= YOUR ASSIGNMENT =
Transcribe all of the data exactly. Images stay out.

= DATA SEGMENT =
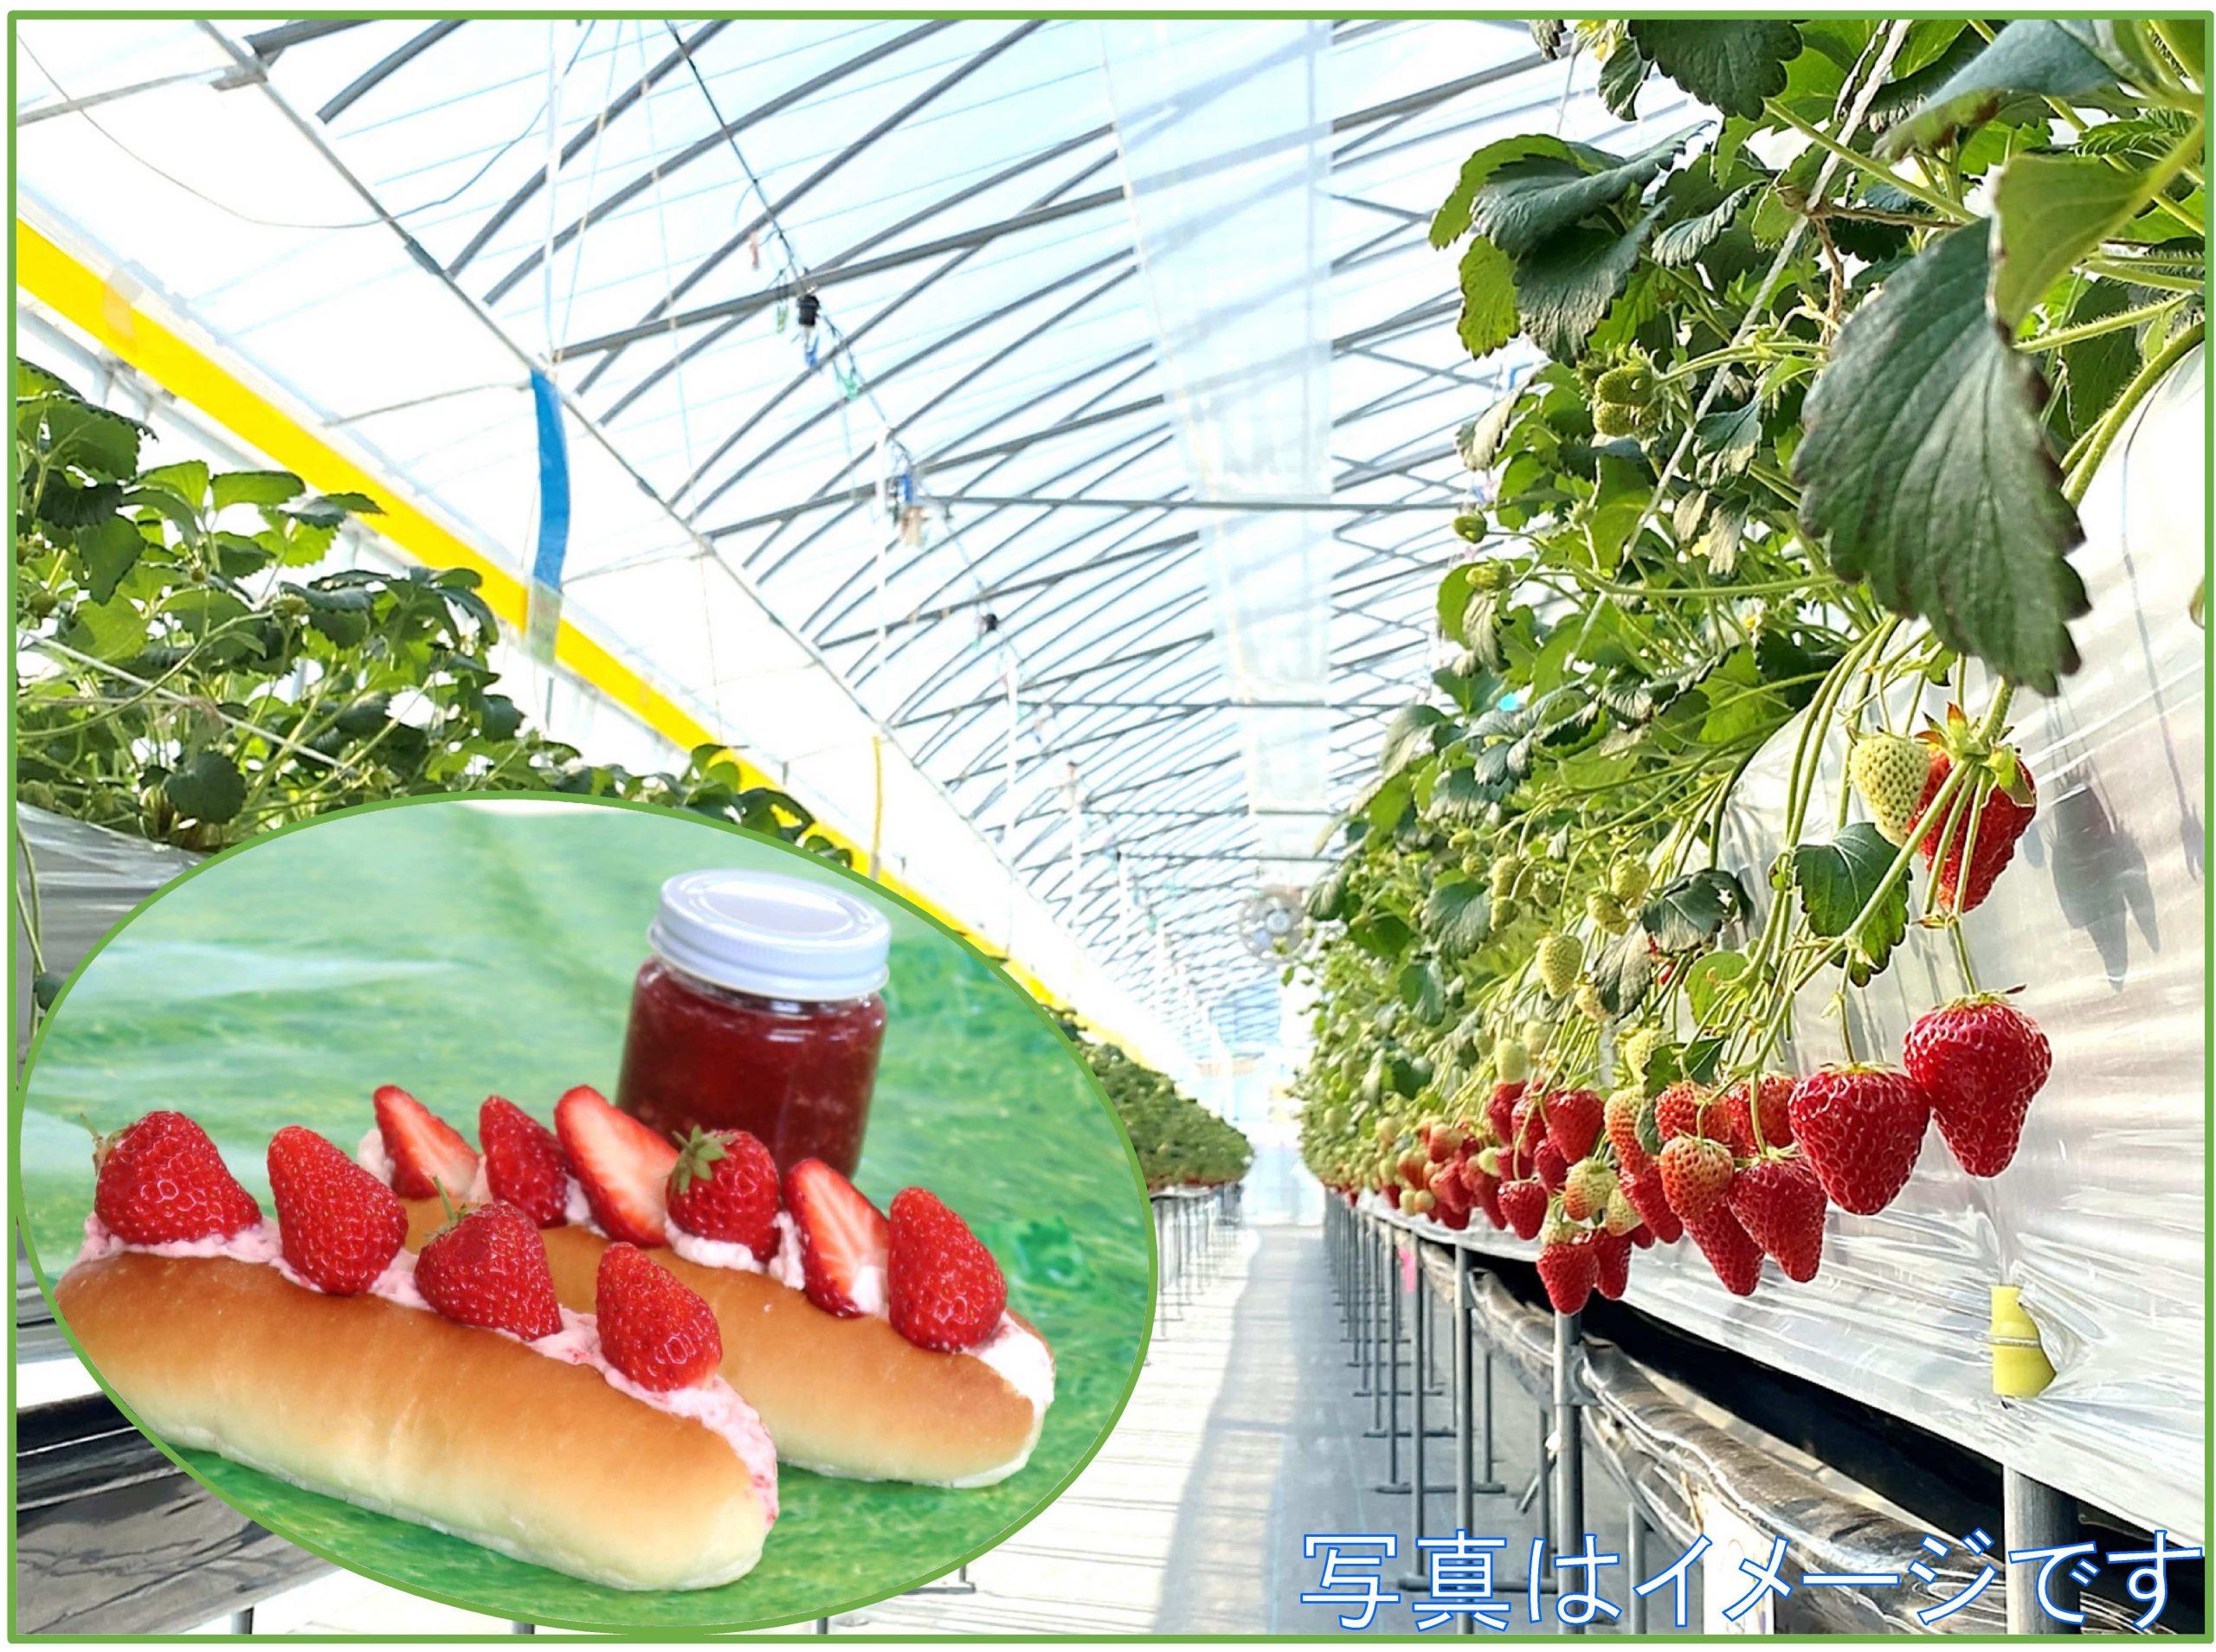 【GW企画】 いちごを収穫してジャム作ろう(コッペサンド付)
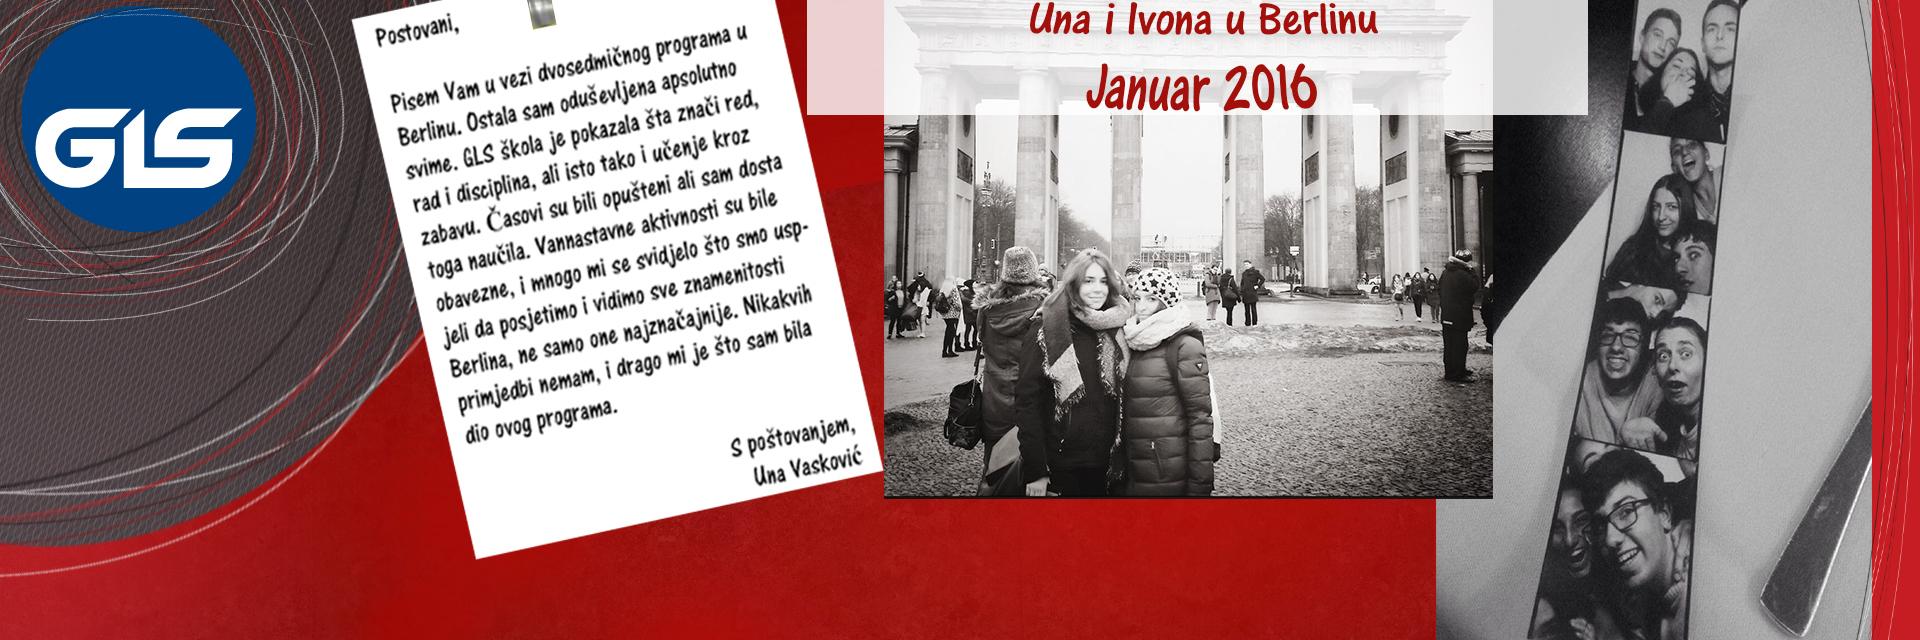 GLS-UNA-I-IVONA
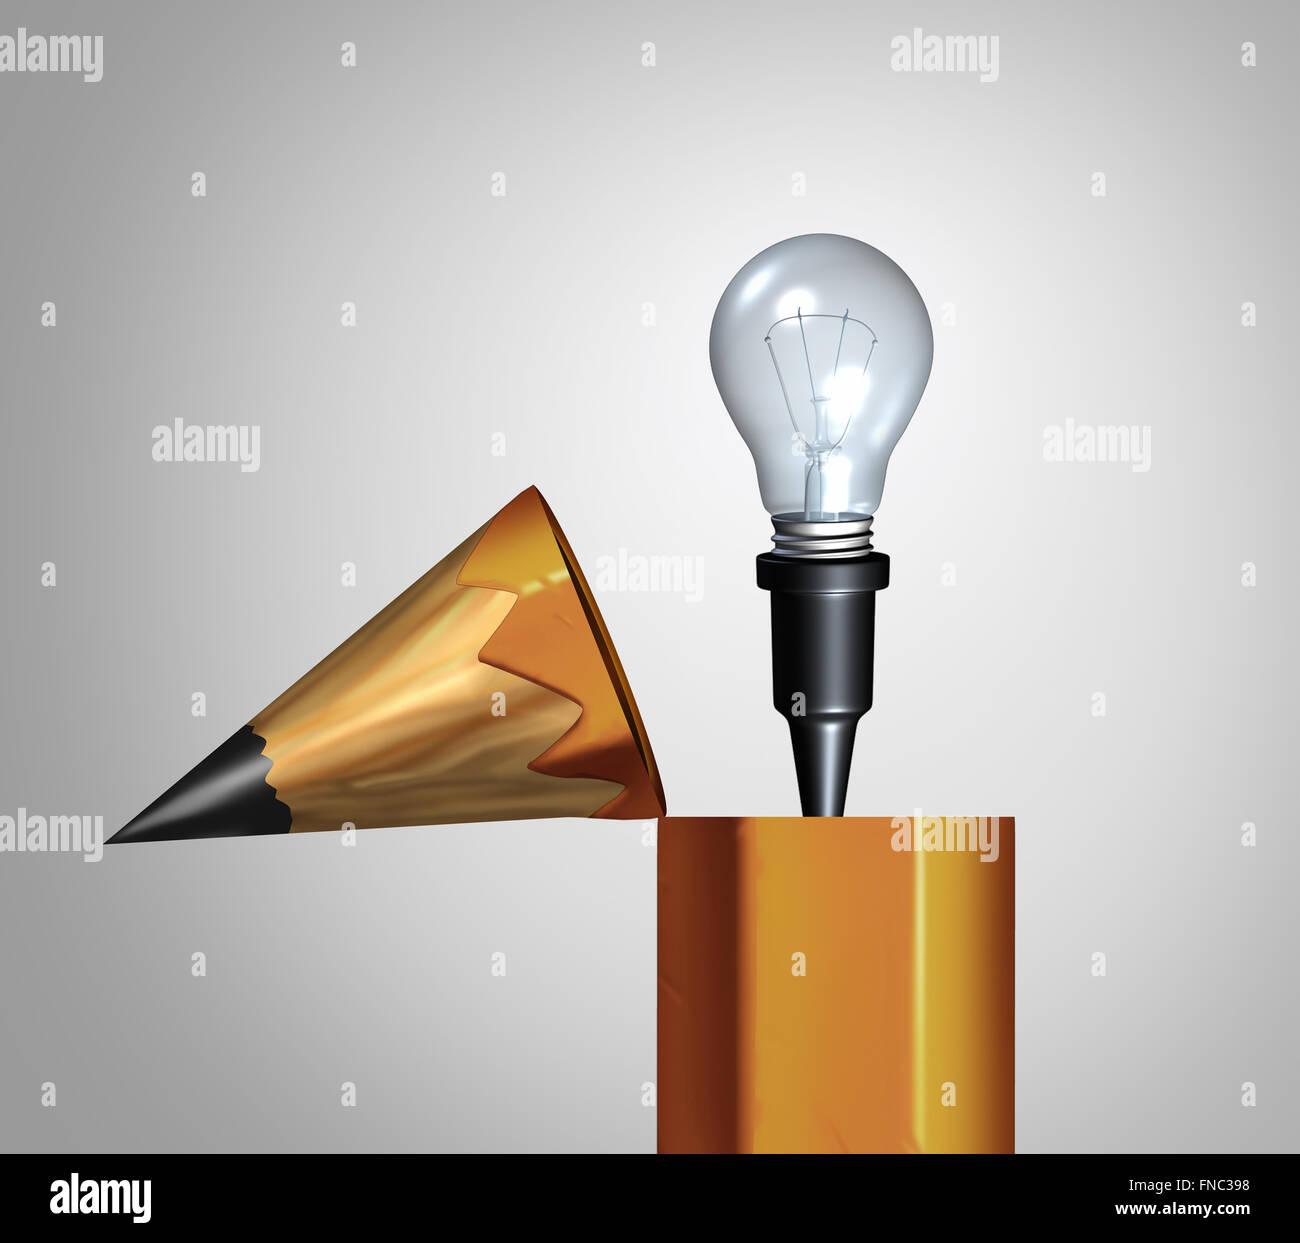 Idea matita nozione come un disegno aperto strumento con un emergente illuminato lampadina o la lampadina come una Immagini Stock
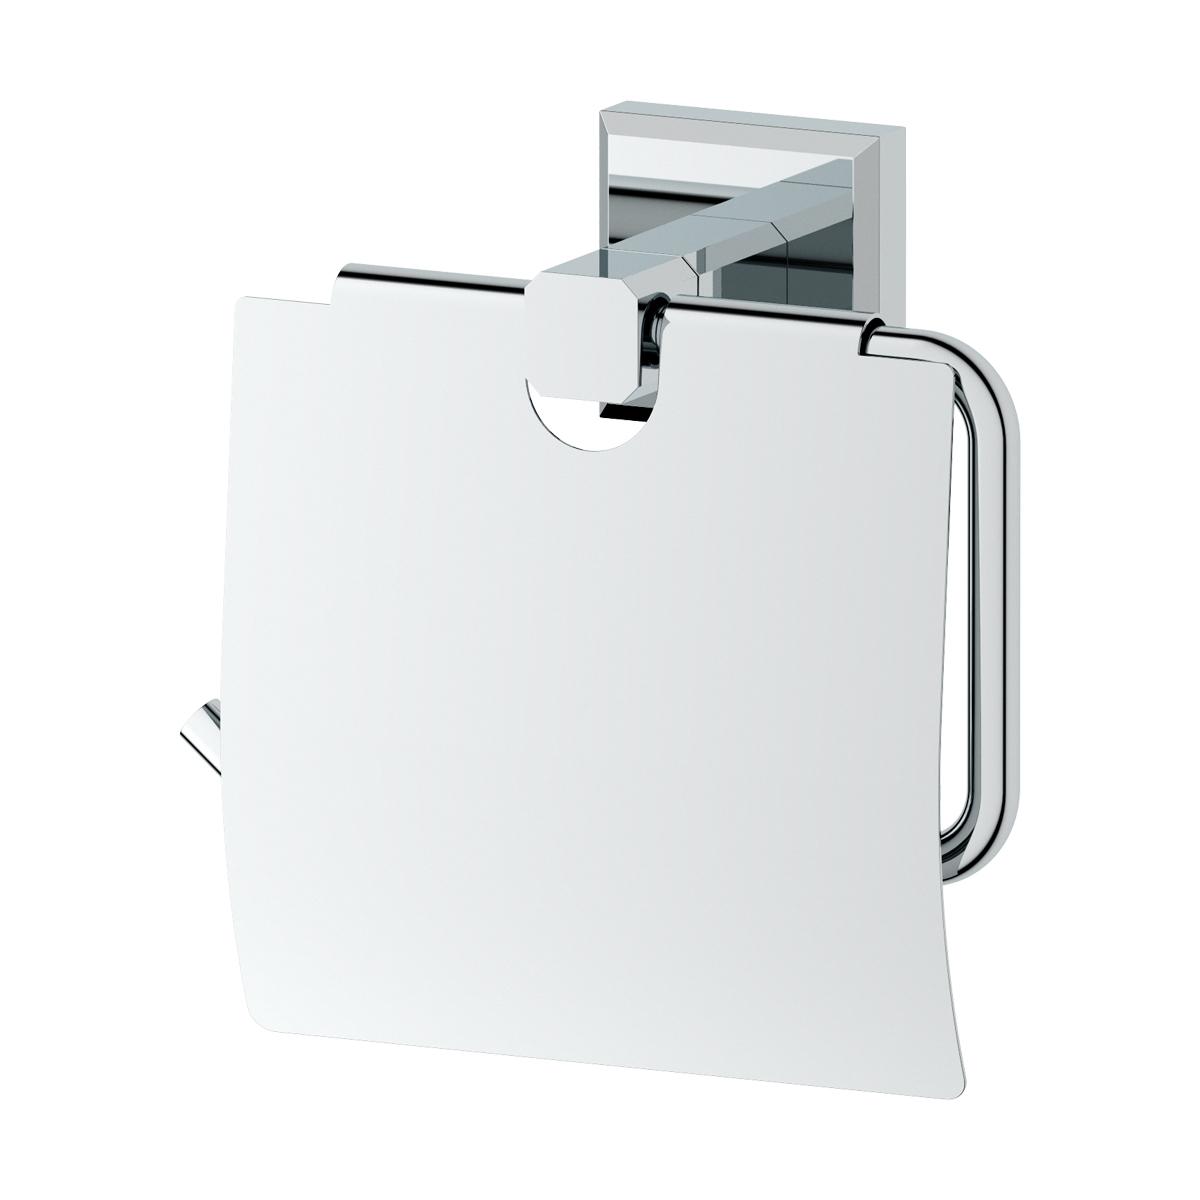 Держатель туалетной бумаги с крышкой Artwelle hagel недорого

= SOLVED EXERCISE =
 【GW企画】 いちごを収穫してジャム作ろう(コッペサンド付)
 GLS-UNA-I-IVONA
 Idea matita nozione come un disegno aperto strumento con un emergente illuminato lampadina o la lampadina come una Immagini Stock
 Держатель туалетной бумаги с крышкой Artwelle hagel недорого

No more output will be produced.